Concert

Programme Guide

Anton Bruckner repeatedly called his Fourth Symphony, which he composed in 1874 and subjected to radical revisions through 1880, “romantic”. The composer elucidated what he meant by that ten years after giving the work the form that is now considered final: “In the romantic 4th symphony, in the 1st movement the intention is to depict the horn that proclaims the day from the town hall. Then the town comes to life; in the Gesangsperiode, the theme is the song of the bird, the great tit Zizipe. [...]. 2nd movement: song, prayer, serenade. 3rd hunt and in the Trio how a barrel-organ plays during the midday meal in the forest.” According to other sources, Bruckner was imagining a “medieval city” at “dawn” and “forest murmurs” during the composition of the first movement, and while working on the second movement, in contrast, a “boy in love” and his unsuccessful attempt to “climb through his sweetheart’s window”, and a folk festival in the Finale. Numerous other examples of Bruckner’s attempts at pictorial descriptions of his music can easily be found. But it is remarkable that he failed to come up with a definitive “programme” for the Fourth Symphony. And the composition’s standardised, four-movement sequence makes it quite clear that Bruckner was orienting himself more towards classical models than towards works of so-called “programme music”.
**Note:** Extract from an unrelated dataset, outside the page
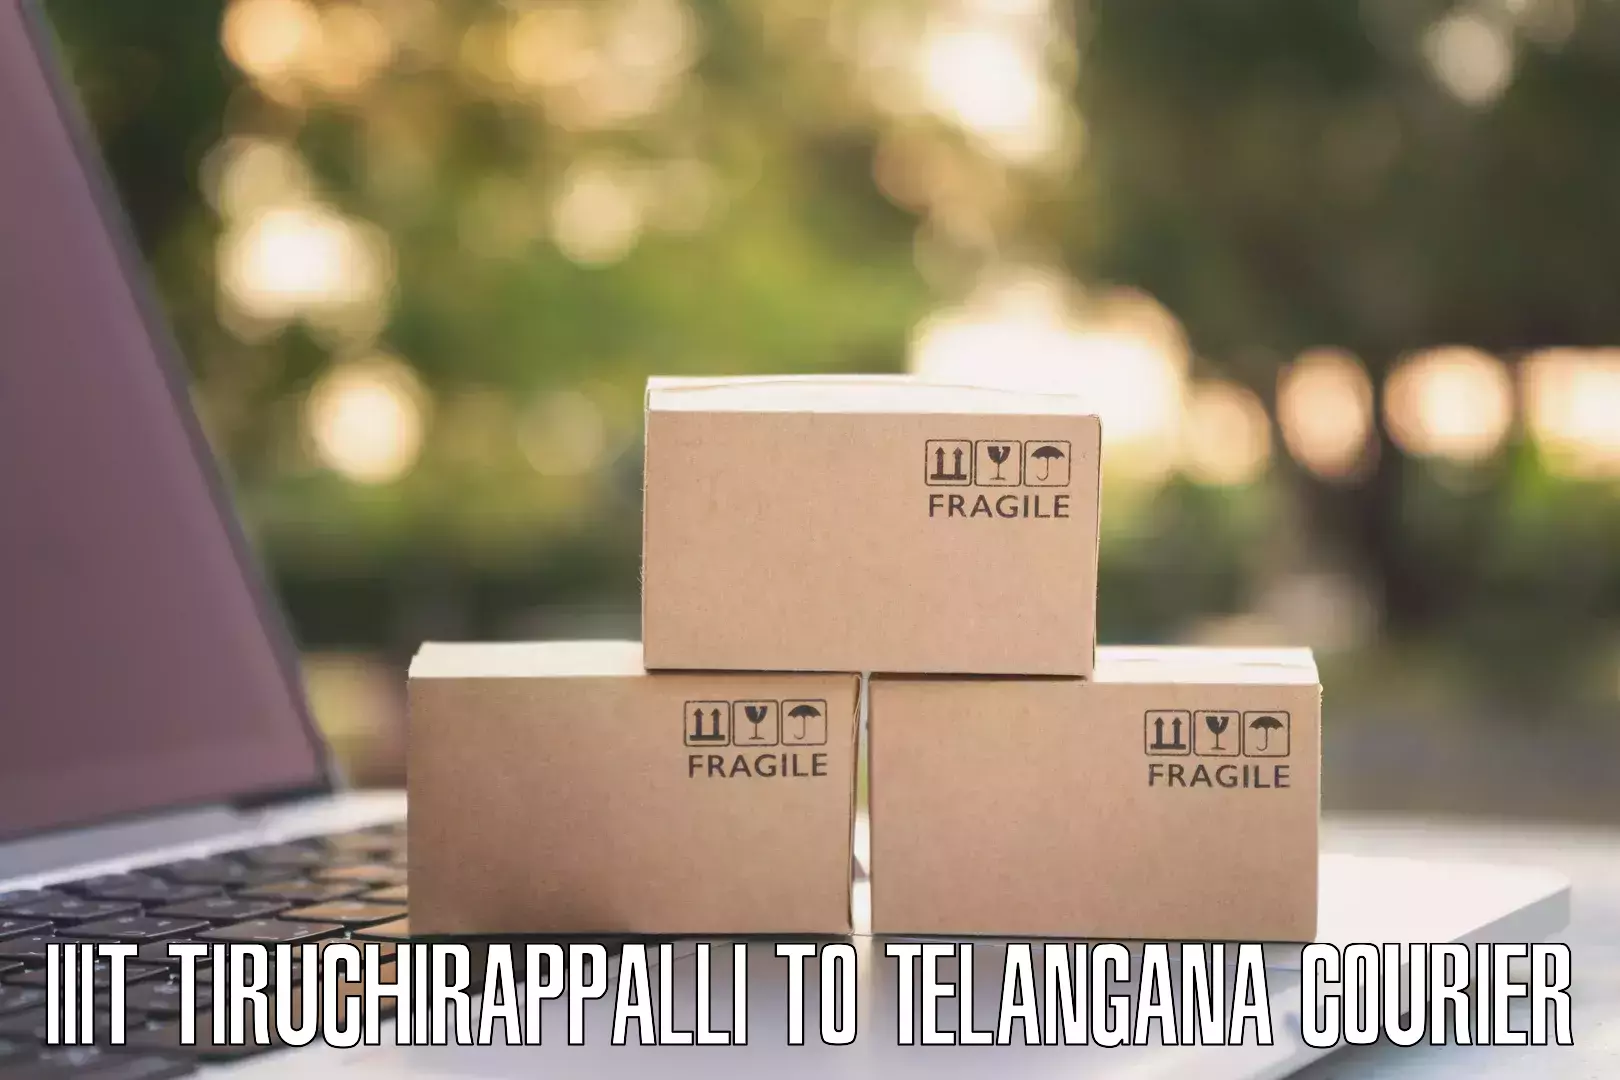 Logistics efficiency IIIT Tiruchirappalli to Wanaparthy

With Herbert Blomstedt, not only is one of the Berlin Philharmonic’s long-standing artistic partners taking on Bruckner’s Fourth Symphony, but also a conductor who has already repeatedly demonstrated his profound understanding for the music of this composer by conducting memorable concerts, especially in Berlin.

On the first half of the concert, the orchestra will once again encounter the Pianist in Residence from the 2010/11 season: Leif Ove Andsnes. The Norwegian pianist, to whose interpretations the New York Times once attested “magisterial elegance, power and insight”, will put his view of Wolfgang Amadeus Mozart’s Piano Concerto in E flat major, K. 482, composed in Vienna in 1785, up for discussion. The work is considered one of Mozart’s so-called “symphonic” piano concertos, in which at the peak of his Viennese heyday the composer struck out on new forward-looking paths of orchestral handling. That Mozart composed the E flat major concerto in close proximity to his work on the opera Le nozze di Figaro can be detected quite clearly in the prevailing cheery mood, giving way to a gentle melancholy only in the variations of the slow middle movement.